Lafayette County High School is an accredited comprehensive public high school located in Stamps, Arkansas, United States. The school provides secondary education in grades 7 through 12 for approximately 220 mi2 of rural, distant communities of eastern Lafayette County, Arkansas, including Buckner, Falcon, Lewisville, Stamps and surrounding area. It is one of two public high schools in Lafayette County and the sole high school administered by the Lafayette County School District.

As of 2003, Lafayette County High School had over 900 students, and 45 instructors.
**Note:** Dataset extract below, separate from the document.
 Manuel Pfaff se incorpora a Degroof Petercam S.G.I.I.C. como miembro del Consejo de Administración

Lafayette County has earned distinctions in Ingram's Magazine out of Kansas City for being the top 15 schools in the Texarkana area in average ACT composite scores.

== Academics ==
Lafayette High School is a Title I school that is accredited by the ADE and has been accredited by AdvancED since 1931.

=== Curriculum ===
The assumed course of study follows the Smart Core curriculum developed by the Arkansas Department of Education (ADE), which requires students complete at least 24 units prior to graduation. Students complete regular coursework and exams and may take Advanced Placement (AP) courses and exam with the opportunity to receive college credit.
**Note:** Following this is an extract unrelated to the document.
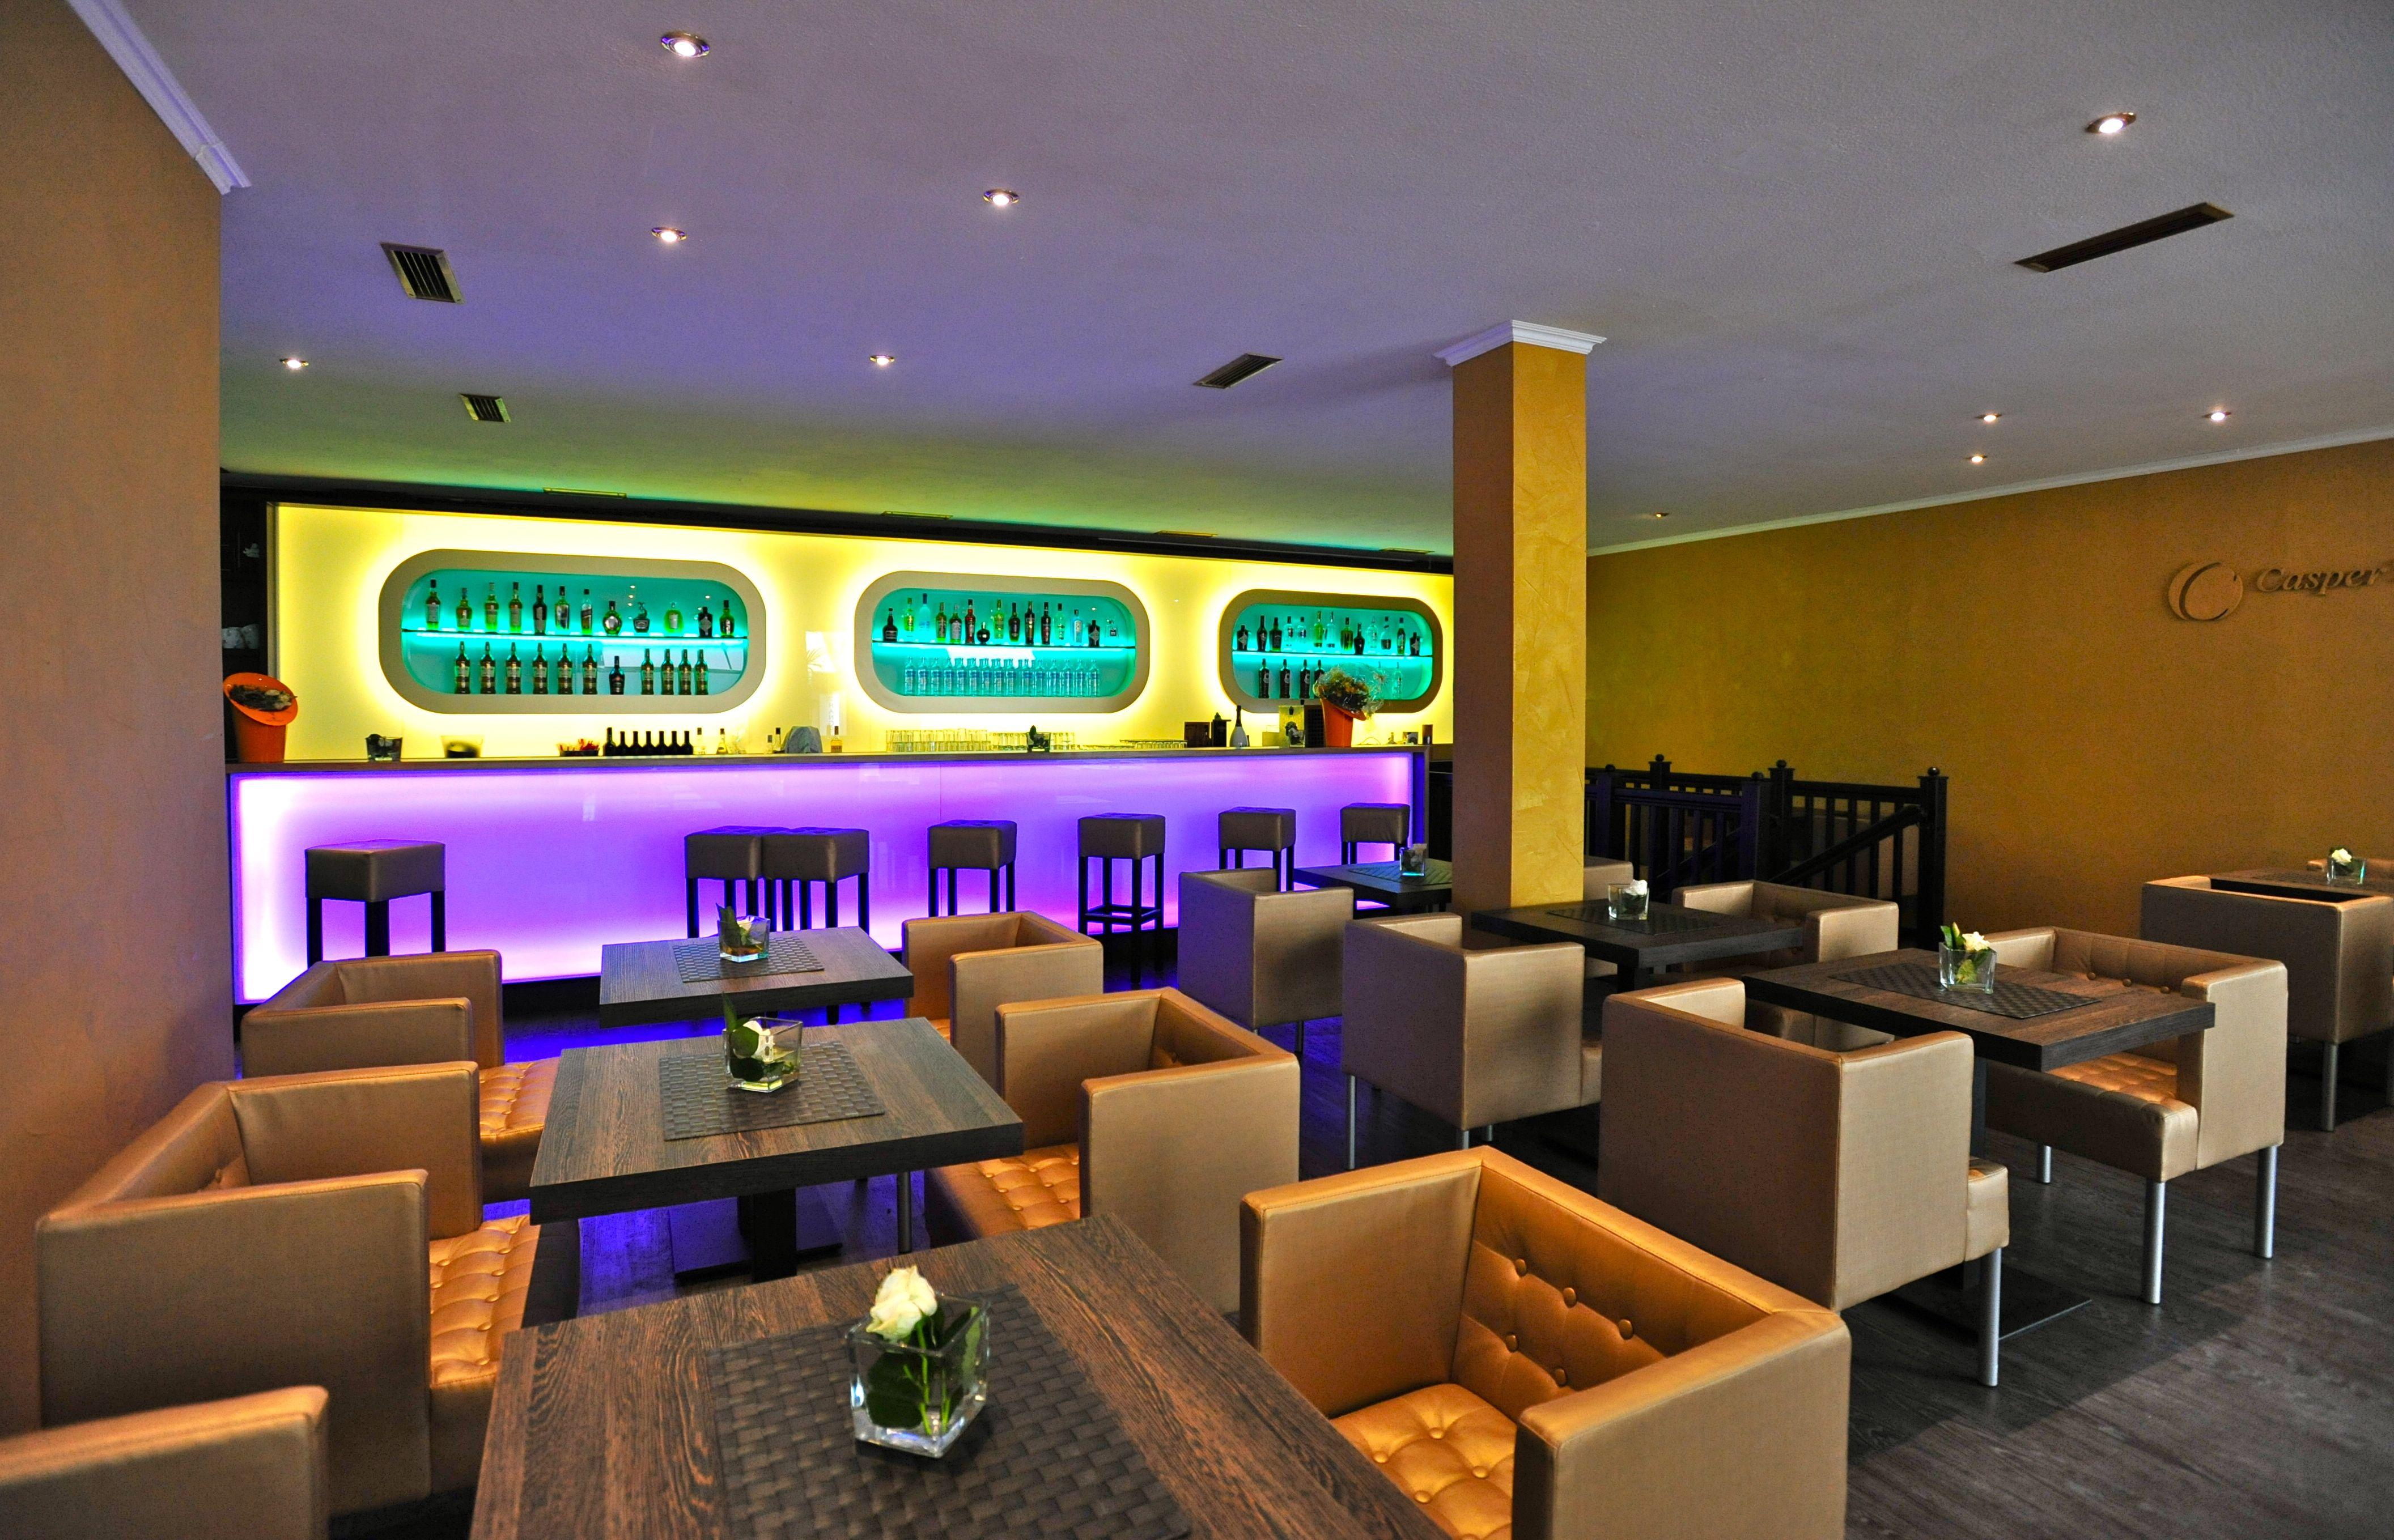 Caspers Club Bar Und Lounge Bringt Neuen Glanz In Die Altstadt

Students have participated in Academic Competitions, NASA's Great Moonbuggy Race, Speech and Debate.

== Athletics ==
The Lafayette County High School mascot is the cougar with navy blue and silver serving as the school colors.
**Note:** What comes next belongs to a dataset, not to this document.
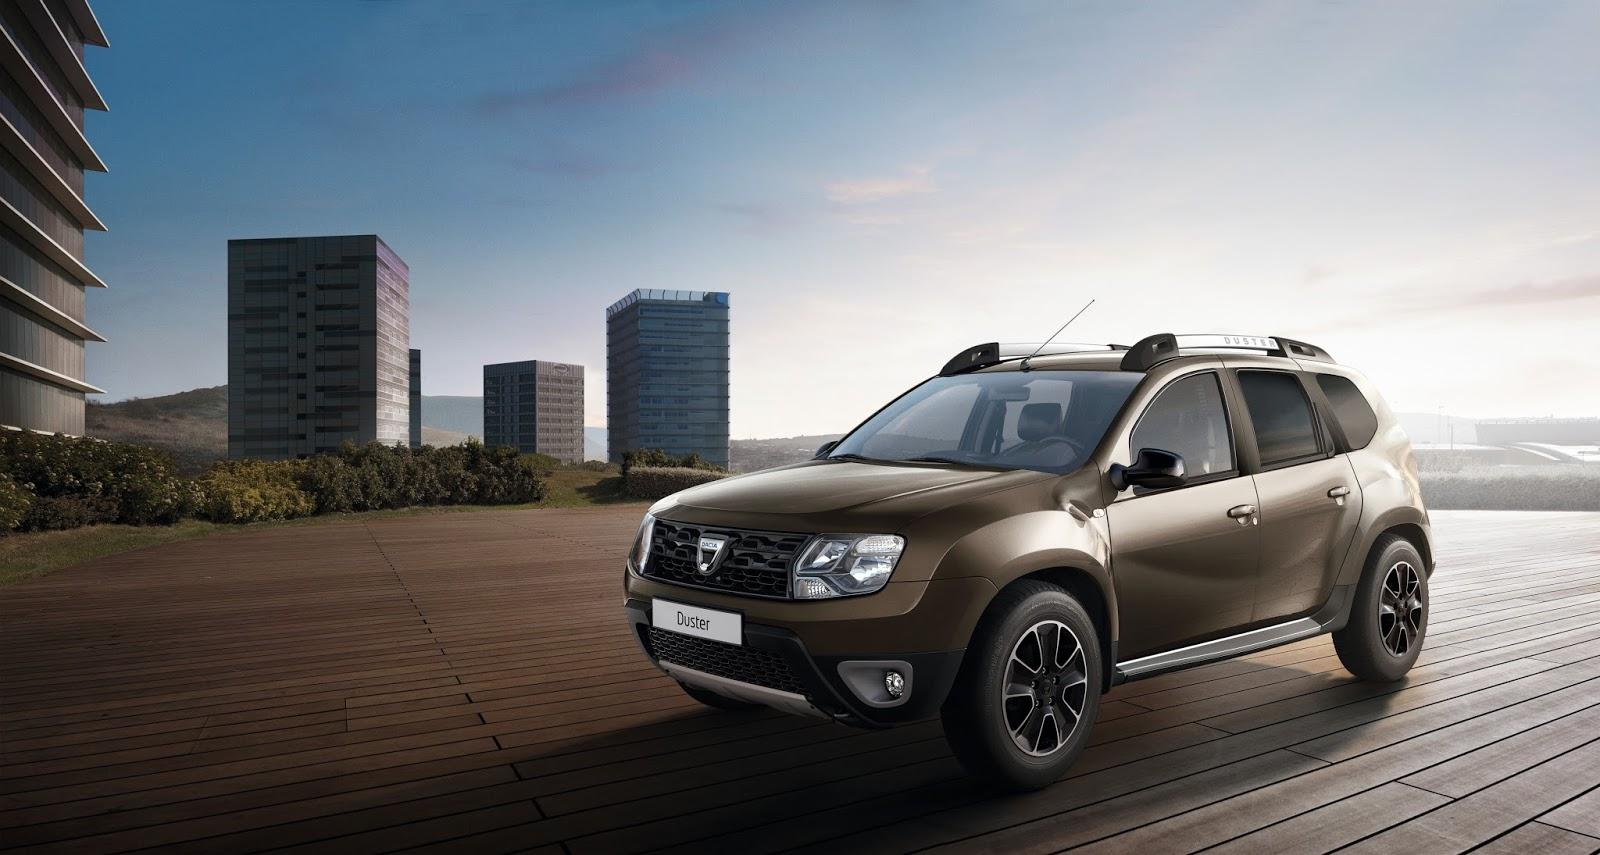 Quanto costa la Dacia  Duster Restyling: Costo a partire da...

The Lafayette County Cougars compete in interscholastic activities within the 2A Classification, the state's 2nd smallest classification administered by the Arkansas Activities Association. The Cougars play within the 2A Region 7 Conference for football and the 2A Region 7 East Conference for basketball.

The Cougars fields junior varsity and varsity teams in golf (boys/girls), volleyball, basketball (boys/girls), tennis (boys/girls), track and field (boys/girls), baseball, and softball, along with cheer and dance.

== School shootings ==
On January 7, 1980, 16-year-old Evan Hampton, high school freshman student at Stamps High School, waited in a classroom for 19-year-old student Mike Sanders, whom he immediately killed. Hampton went to the principal's office, turned in the gun and waited for his arrest by police. He was convicted of first degree murder, sentenced to 20 years and was released after only serving four.

On December 15, 1997, 14-year old Joseph "Colt" Todd shot two students with a .22-caliber rifle as he hid in the woods outside of campus. He told law enforcement that he was tired of getting bullied, 17-year old Grover Henderson and 15-year old LaTisia Finley survived. and he was sentenced to five years in prison with 2 1/2 years suspended.